Our multi-project agent swarm for parallel development. Navi orchestrates up to 7 concurrent Codex agents running in isolated git worktrees via tmux. An integrated dispatcher handles ticket dependencies and phase gates. A self-healing watchdog auto-respawns failed agents, chains completions into next spawns, and auto-spawns new work when the swarm goes idle.
Architecture
Mike (human)
↓ sprint plan / phase gate approval
Navi (orchestrator — OpenClaw main agent)
├── Business context (MEMORY.md, memd, sprint.json)
├── Dispatcher (tickets, deps, phase gates)
├── Watchdog (health, auto-respawn, auto-chain)
↓
┌────────────┬────────────┬────────────┬──── ··· ────┐
│ codex-at- │ codex-at- │ codex-at- │ (max 7) │
│ p3-02-tg │ p4-02-cat │ p7-01-adm │ │
│ tmux │ tmux │ tmux │ │
│ worktree │ worktree │ worktree │ │
└─────┬──────┴─────┬──────┴─────┬──────┘ │
└── PRs ────→ main ──→ GitHub Actions CI │
│
Watchdog (systemd timer, every 5 min) ────────────────┘
├── Detects completions → dispatcher.done() → auto-spawn next
├── Detects failures → auto-respawn (1st) or flag (2nd)
├── Detects idle → auto-spawn from dispatcher queue
└── Phase gates → alerts Mike for approval
Why Two Tiers
| Navi (orchestrator) | Codex agents | |
|---|---|---|
| Context | Business: sprint, customers, decisions, memory | Code: worktree files, types, tests |
| Model | Claude Opus (via OpenClaw) | gpt-5.3-codex (via Codex CLI) |
| Scope | Strategy, scoping, prompt writing, review, steering | Implementation, testing, PR creation |
| Persistence | MEMORY.md, memd, daily logs | Ephemeral (worktree + tmux session) |
| Tools | Full OpenClaw tooling | Terminal only (exec, git, gh, npm) |
Context windows are zero-sum.
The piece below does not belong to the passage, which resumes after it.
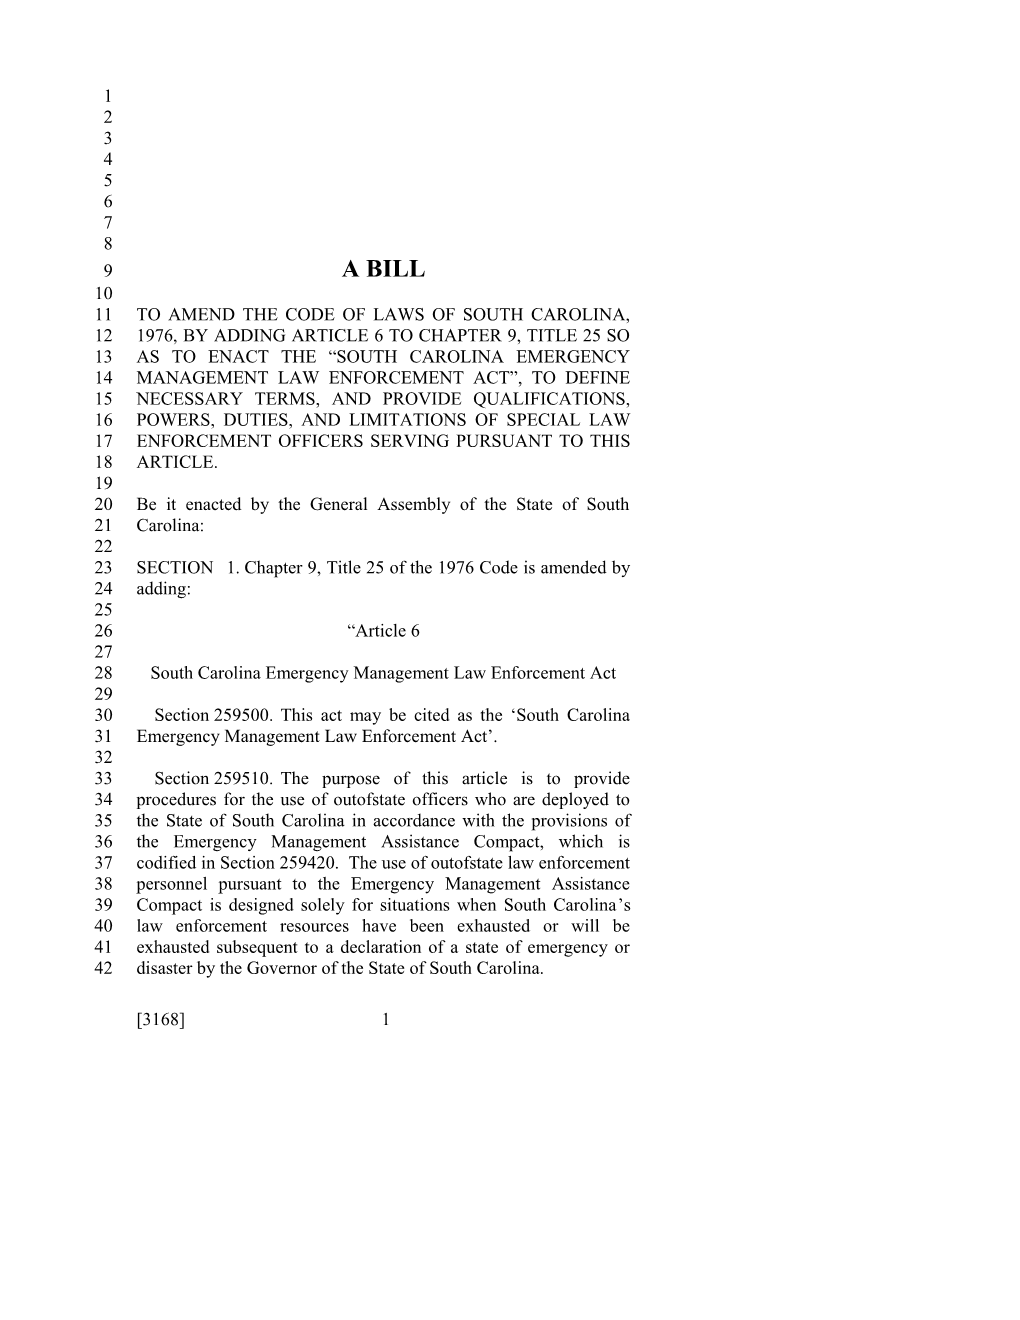 2015-2016 Bill 3168 Text of Previous Version (Dec. 11, 2014) - South Carolina Legislature Online

Navi holds business context; agents hold code context. Specialisation through context, not through different models.
Design Principles
Five rules that keep the swarm stable:
- Codex tmux only. One agent backend. No sub-agents for code tasks.
- Specialisation through context, not models. Navi holds business context; agents hold code context.
- Phase gates between phases, auto-spawn within. Human checkpoint at phase boundaries. Full autonomy inside a phase.
- Double-failure halt. Agent fails twice on same ticket: flag it, don't retry. Silence is worse than stopping.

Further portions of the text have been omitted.